Saturday, March 29, 2014

The drinks of FORGOTTEN DRINKS

There are about four dozen drink recipes in Corin Hirsch's Forgotten Drinks of Colonial New England: From Flips & Rattle-Skulls to Switchel and Spruce Beer. (Here's the first part of my review, on the historical survey that makes up the bulk of the book.) Some are traditional drinks of the sort that colonists would actually have made and drunk (give or take some ice). Others are modern adaptations, using ingredients not available to colonists, possibly because they hadn't been invented yet.

At first, I thought including modern recipes was a bit of a cheat, a way of padding out what would otherwise be a rather thin collection.
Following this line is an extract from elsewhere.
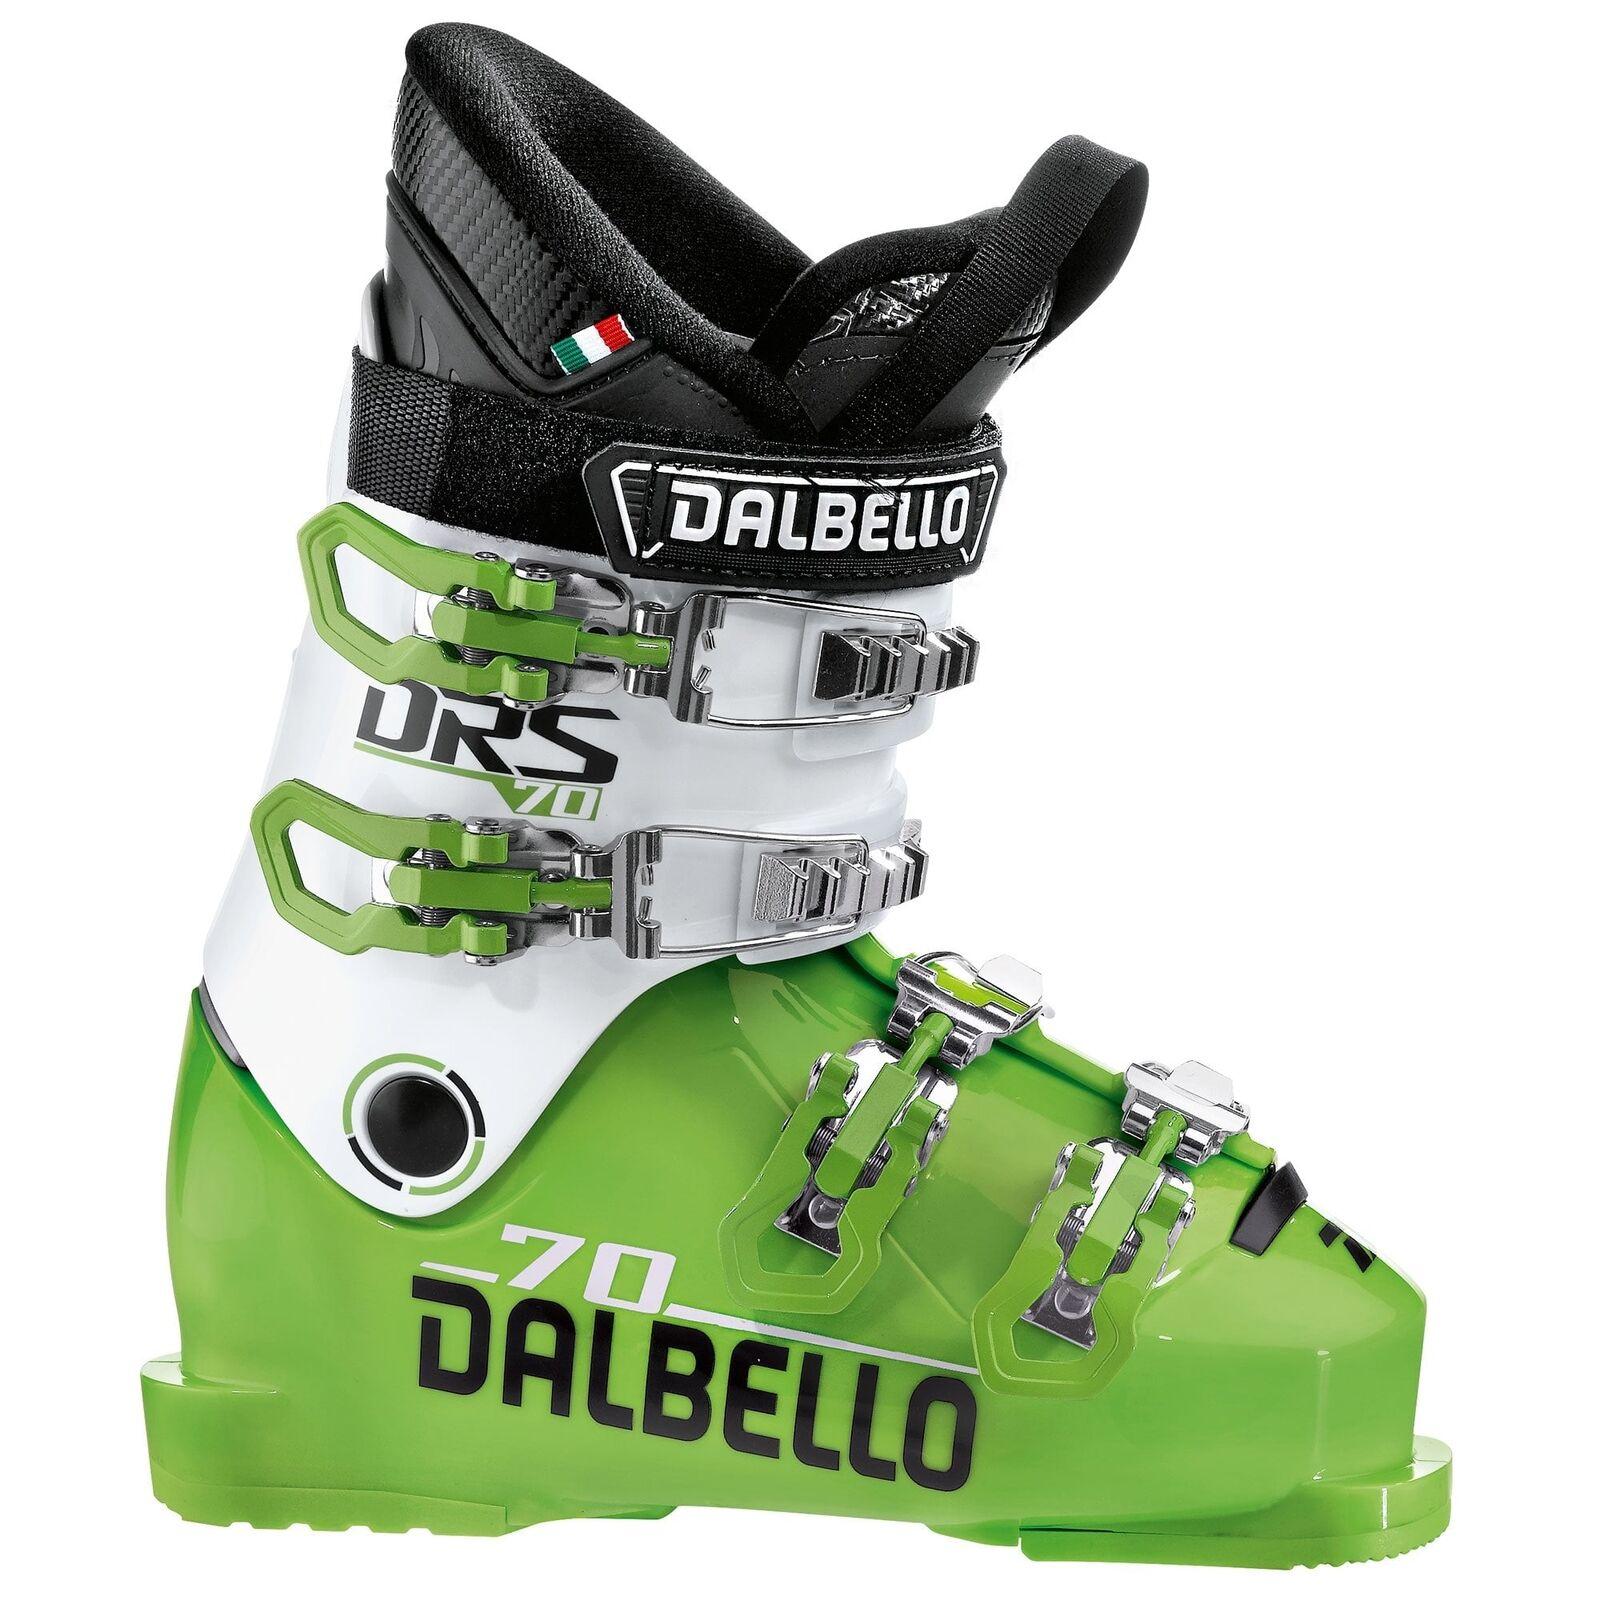 Dalbello DRS 70 Junior Race Ski Boot

But they seem like pretty decent cocktails, even the ones that don't appear to have anything to do with either colonial times or New England.

And, quite frankly, a little traditional drink recipe goes a long way. There are only so many ways I need to be told to combine rum, sugar, and water before I have the hang of it.
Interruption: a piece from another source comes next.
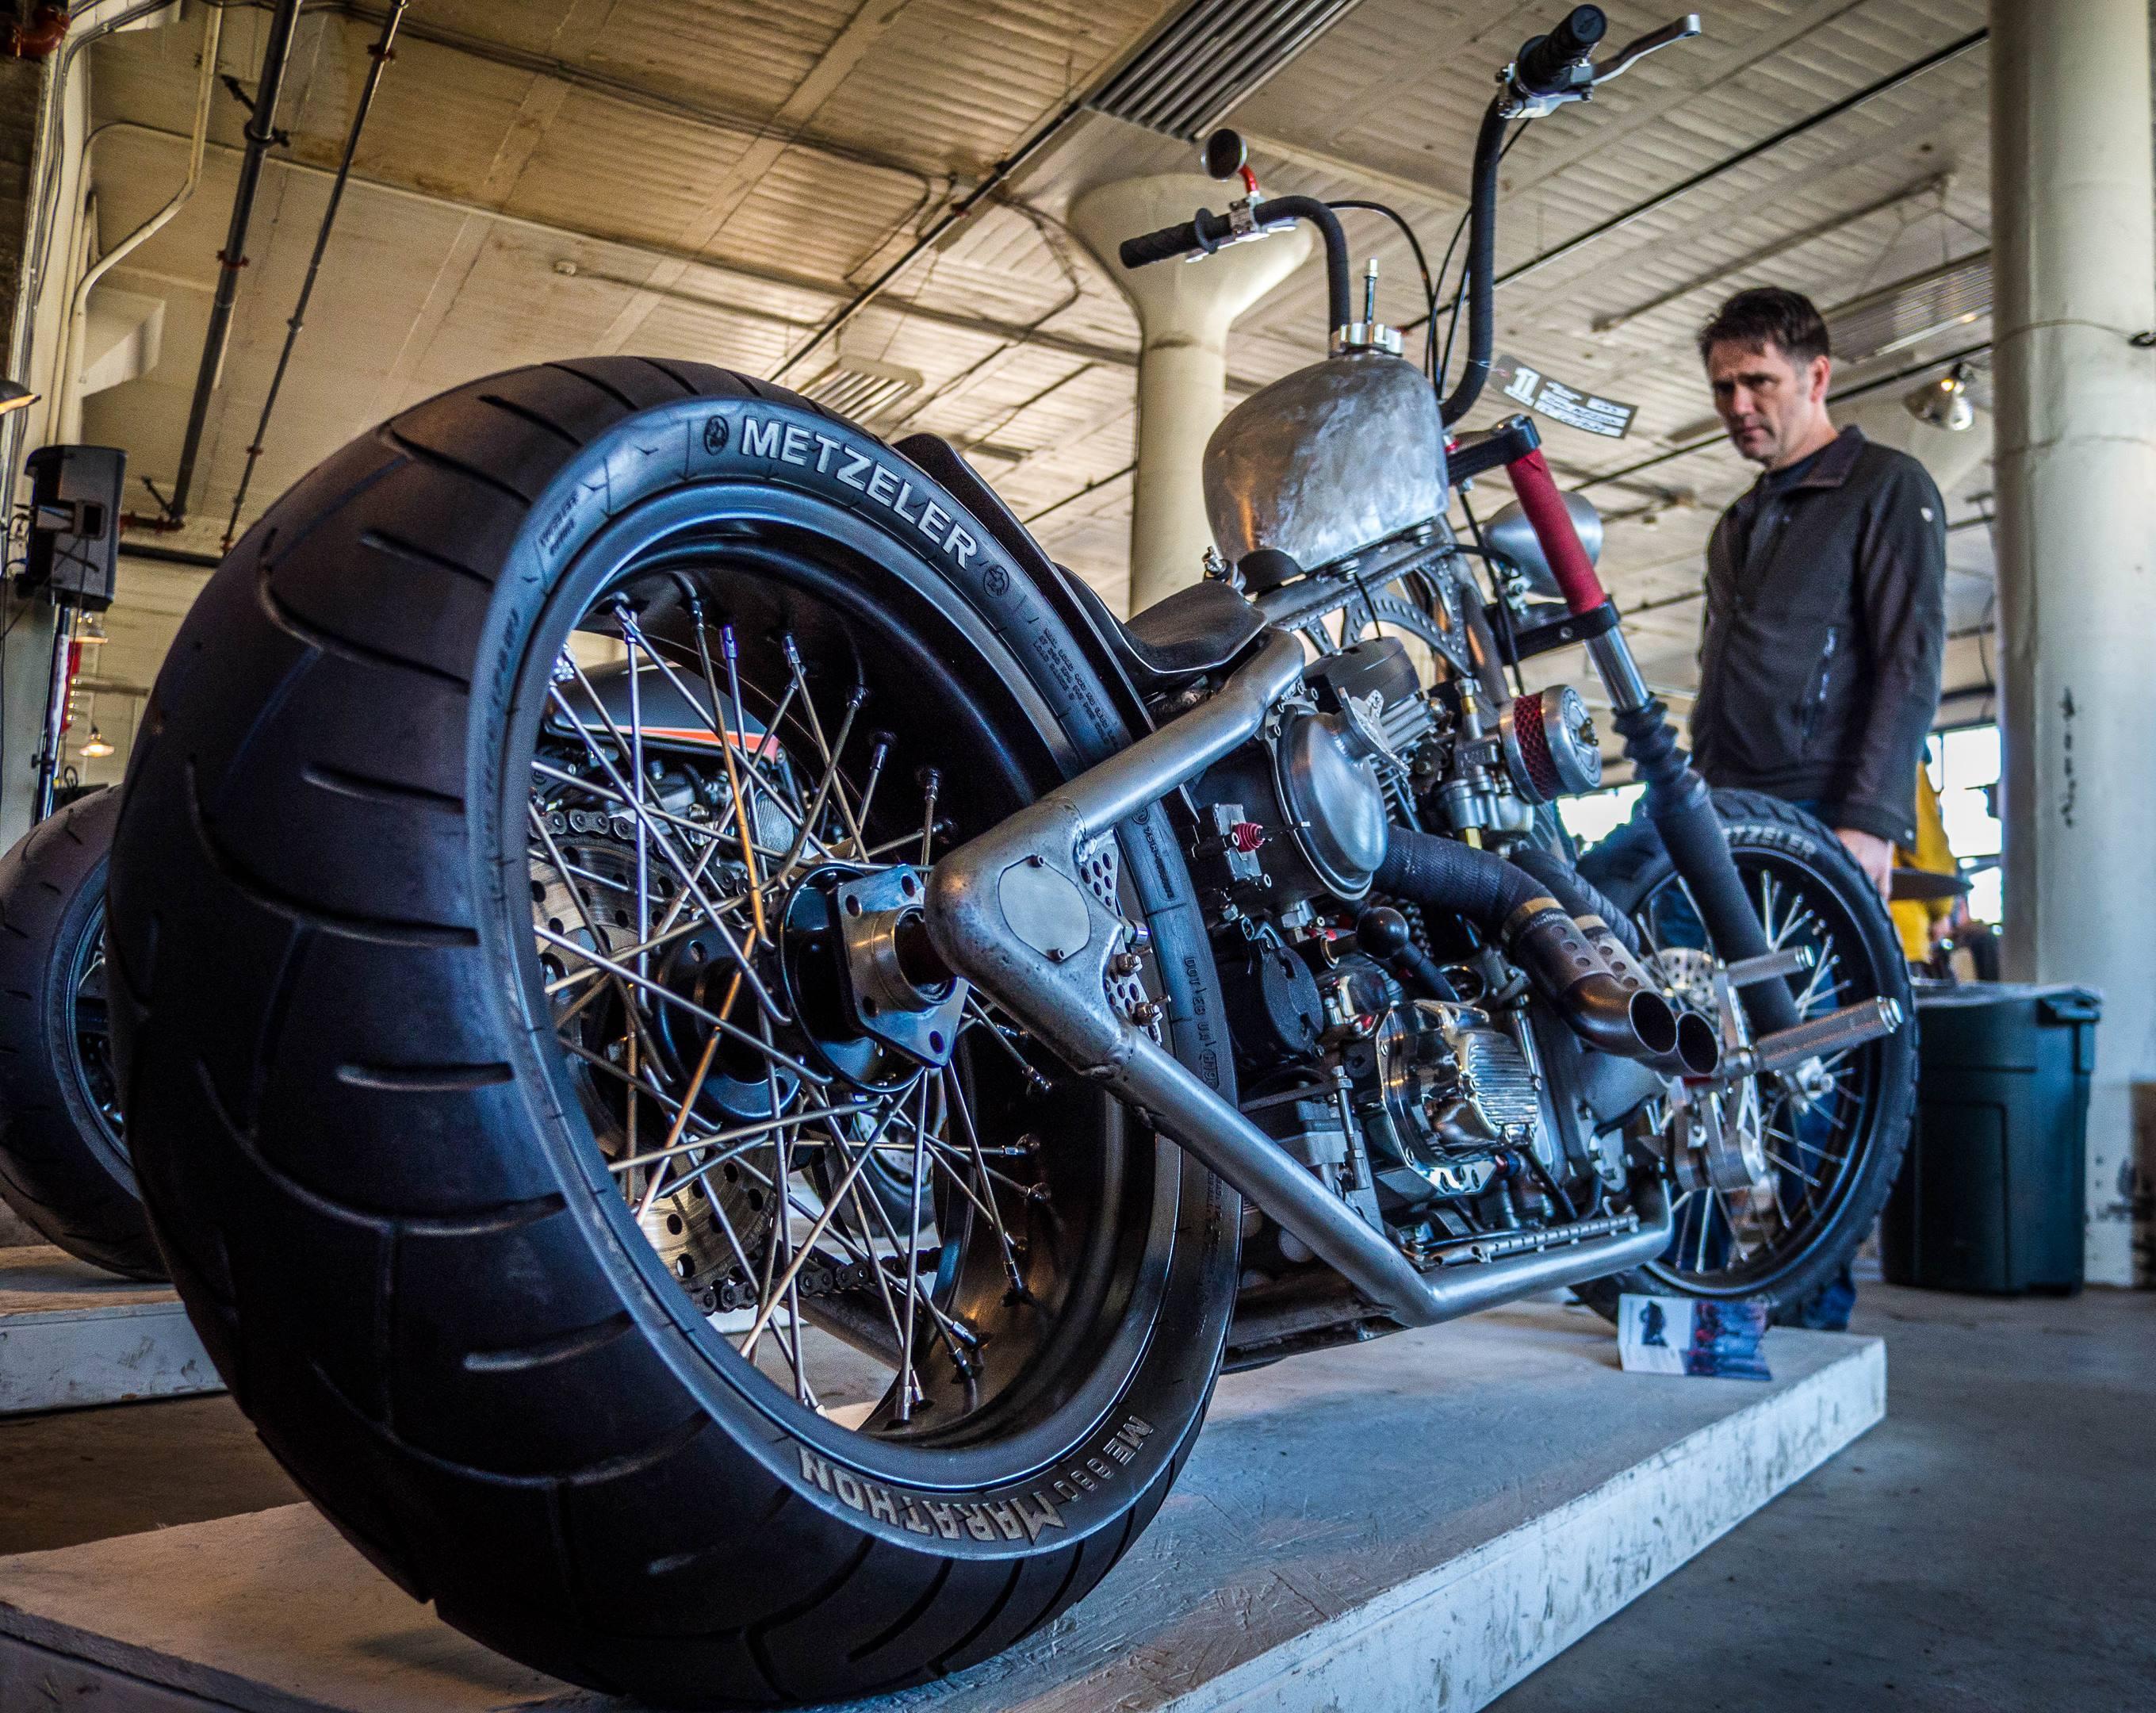 A full custom with a fatty boombalatty rear tire, built by John Aleckson.

Still, I'm looking forward to trying a Stone-Fence (1 1/2 oz rum added to hard cider), and maybe laying up a bottle of Cider Royal (1/2 cup apple brandy in a bottle of cider for 3-6 months). I went through a flip phase a few winters back, and Forgotten Drinks includes a couple of flip recipes I might try when it gets cold again (which better not be till November).

Oh, and yes, some day I will make a Rattle-Skull. (I'm more interested in trying the traditional recipe than the modern one. Several other drinks also feature traditional and modern versions.)
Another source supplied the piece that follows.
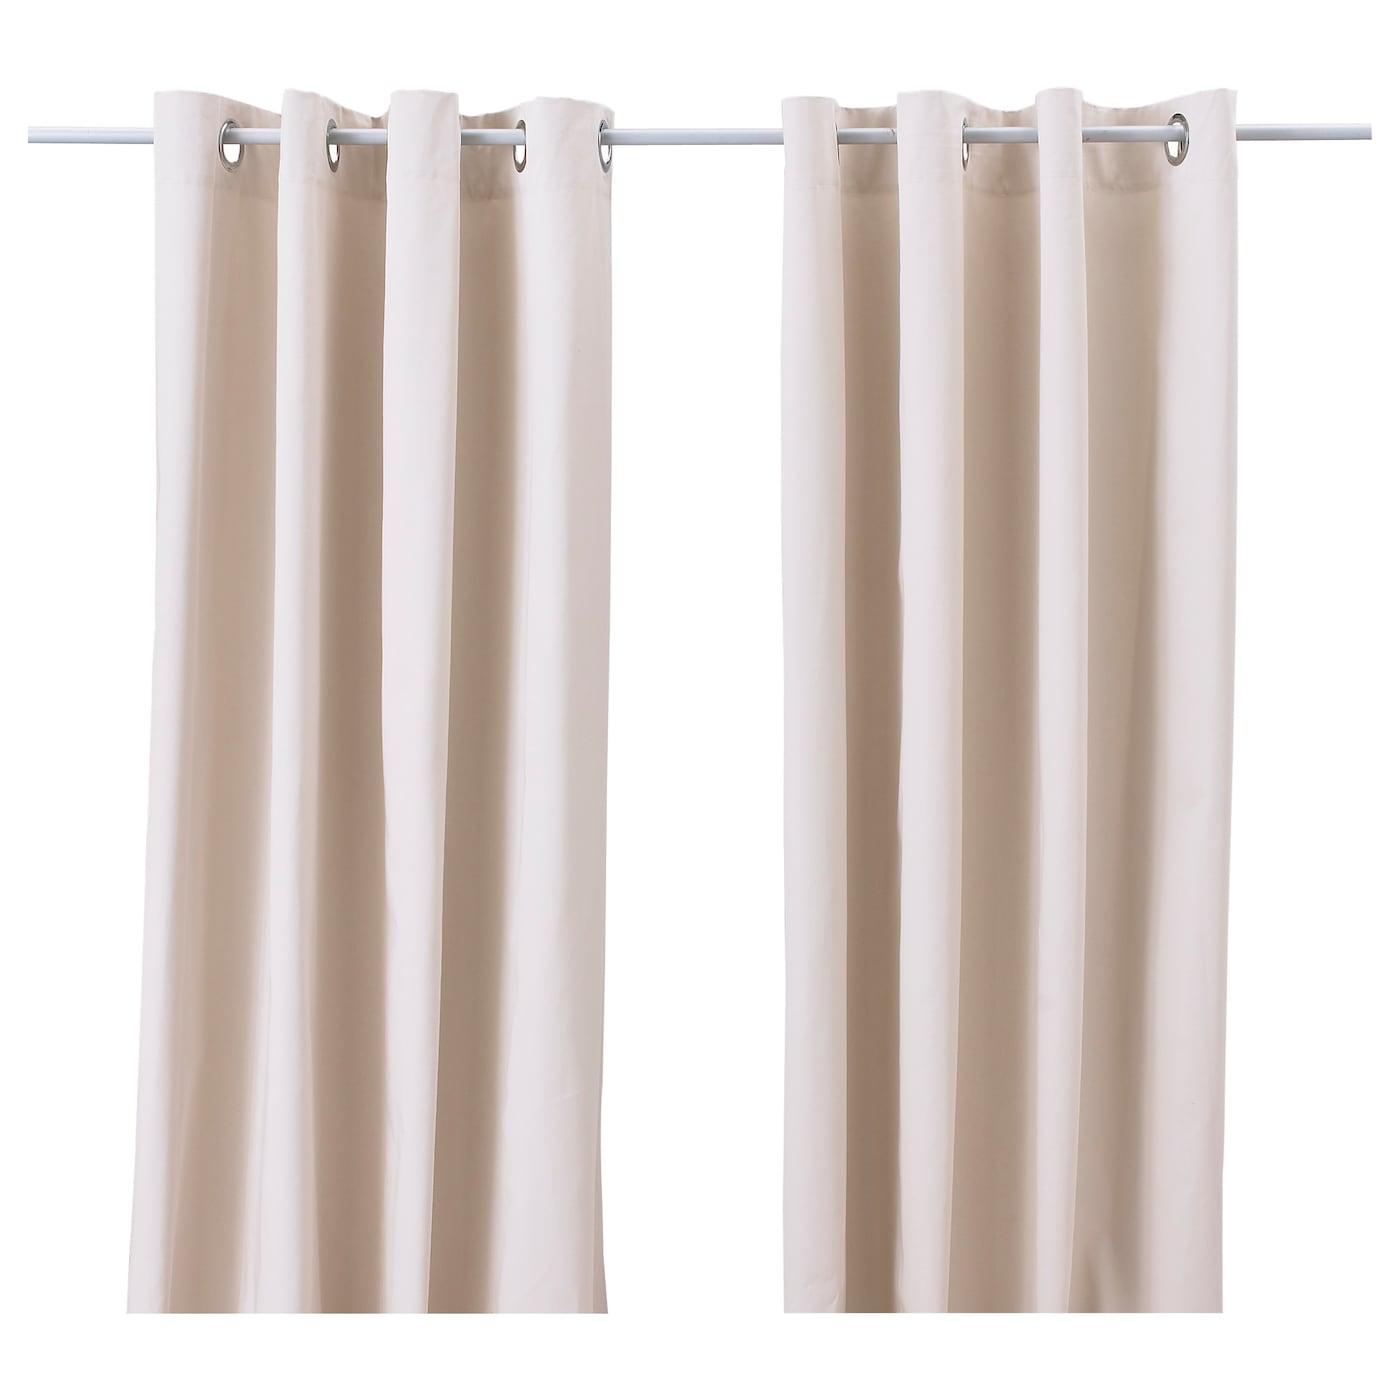 Lohals alfombra natural 160 x 230 cm ikea - Antideslizante alfombras ikea ...

Syllabub? Posset? Sangaree? Yeah, I can see taking a whack at these. Switchel? No. I've already discovered the hard way that I'm just not a shrub man, and switchels sound a bit too much like shrubs. Spruce beer? Say it with me, people:

Pine Trees Aren't People Food.

There are also a few traditional traditional recipes -- like Martha Washington's own recipe for cherry bounce:
Extract the juice of 20 pounds well ripend Morrella [aka sour] cherrys. Add to this 10 quarts of old french brandy and sweeten it with White sugar to your taste. To 5 gallons of this mixture add one ounce of spice such as cinnamon, cloves and nutmegs of each an Equal quantity slightly bruis’d and a pint and half of cherry kirnels that have been gently broken in a mortar. After the liquor has fermented let it stand close-stoped for a month or six weeks then bottle it, remembering to put a lump of Loaf Sugar into each bottle.
I'm not sure what I would do with five gallons of cherry bounce -- more importantly, I'm not sure how I'd hide five gallons of cherry bounce from my wife while figuring out what to do with it -- but the point of these recipes is less to make them at home than to get a sense of how drinks were made back then. You didn't need a half-ounce jigger when you were laying up stores for the winter. (And if you really want to make cherry bounce, you can always just ask the Internet.)

Overall, Forgotten Drinks of Colonial New England works as both a short and informal reference book on alcoholic drinks in colonial times (including a glossary and several pages of sources) and a short cocktail recipe book (though, yes, a lot of the drinks predate the creation of the cocktail). I'll keep my copy with my other recipe books, and pull it out occasionally to see if there's something I feel like trying. (The paperback is $19.99; it's also available as a Kindle edition for $9.99. As I mentioned in the first post, I got a review copy free in the mail, so I'm not going to try to tell you whether it's worth it to you to buy it, but I hope I gave you enough information to help you decide.)